The Saudi-French international conference, set for June in New York, may mark a watershed moment in global diplomacy surrounding the Israeli-Palestinian conflict. As Israel Hayom emphasized in its report, the initiative carries serious implications for regional stability, Israel’s national security, and the legitimacy of imposed solutions that bypass one of the principal parties to the conflict.

Whether this conference delivers peace or sows deeper divisions remains to be seen. But one thing is certain: the rules of the diplomatic game are changing, and Israel finds itself increasingly sidelined by a coalition of powers determined to define the future of the Middle East—without its consent.

3 COMMENTS

  1. Meaningless, without US and Israeli participation. Macron is a cuck whose own country is inundated. France First is something alien to him and undesirable. No pride and no vision.

  2. This is a classic experiment in futility. They can meet. They can make speeches. They can declare. They can insist. They can sanction. They can do whatever they want but the so much as conceivability of a “Palestinian State” is farther away than it’s ever been. In fact, it isn’t conceivable at all. Macron, for his part, is a classic European anti-Semite in a designer suit so it’s not a surprise that he’s doubling down on something intended for one purpose and that’s to hurt Jews in one way or another. The Saudis for their part are, well, Saudis.
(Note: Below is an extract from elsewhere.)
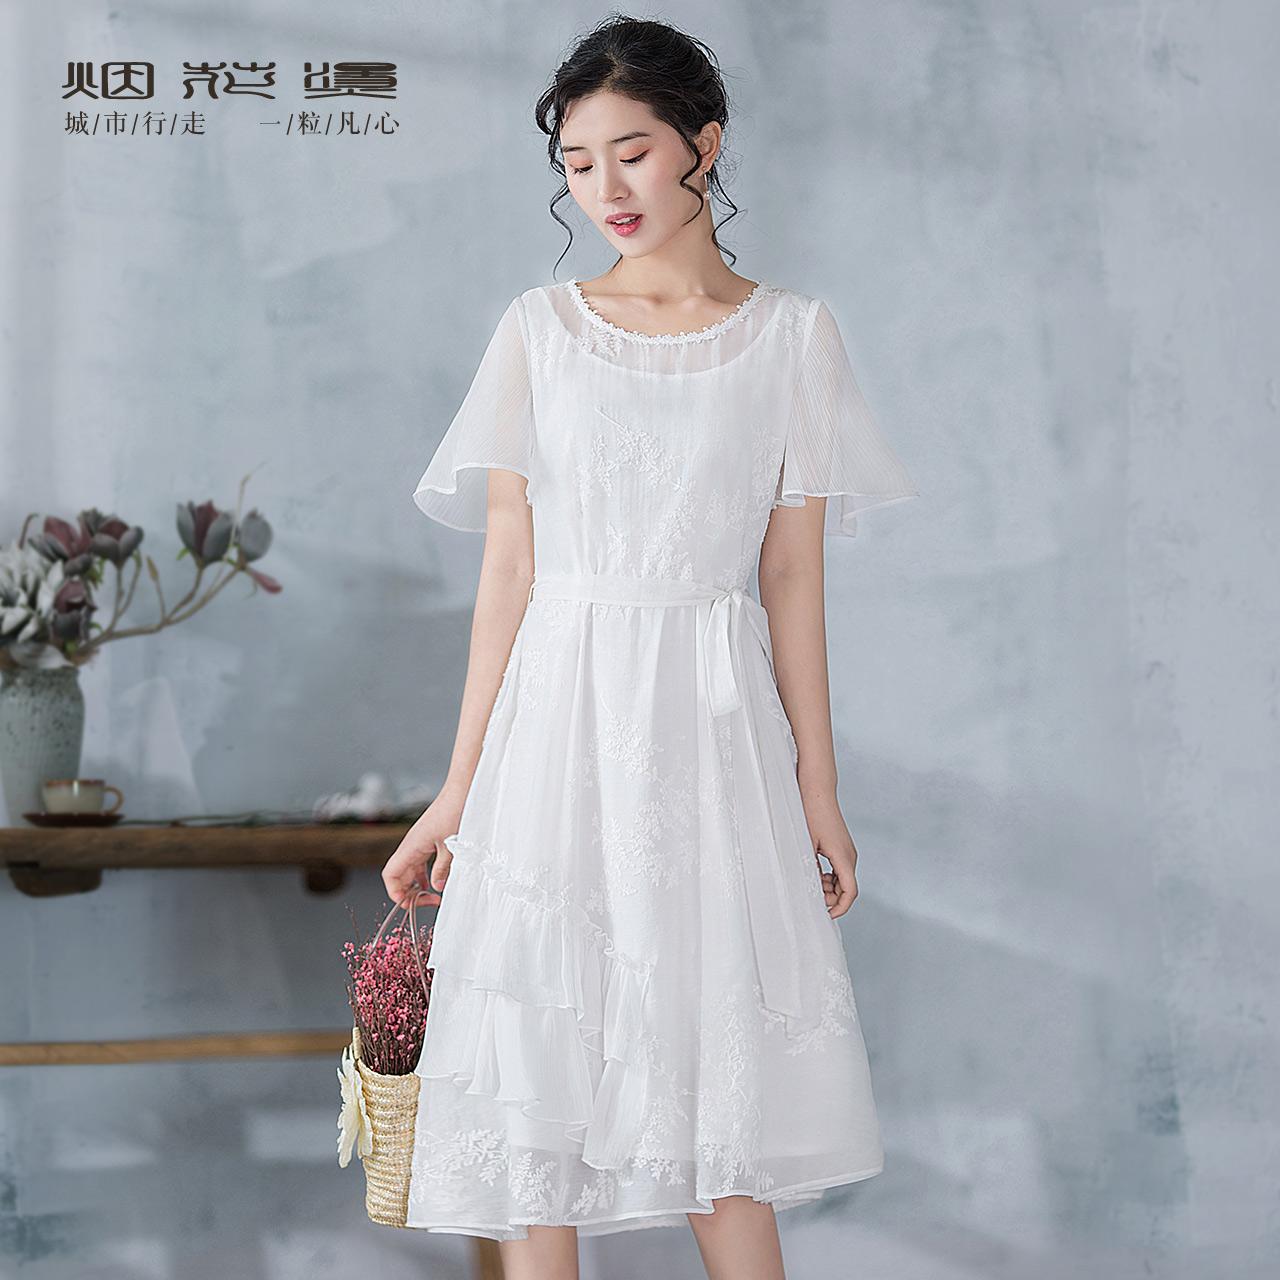 烟花烫CYM圆领花边绣花白色系带大摆连衣裙 焕雨

  3. The statehood proponents try to reassure the Jewish public by using vague, soothing terms such as “security guarantees” and “demilitarization.” But those words are worthless. No Arab regime has ever been demilitarized, and nobody can “guarantee” Israel’s security—because there is no government on earth that will ever have the political will to step in and forcibly demilitarize or guarantee anything.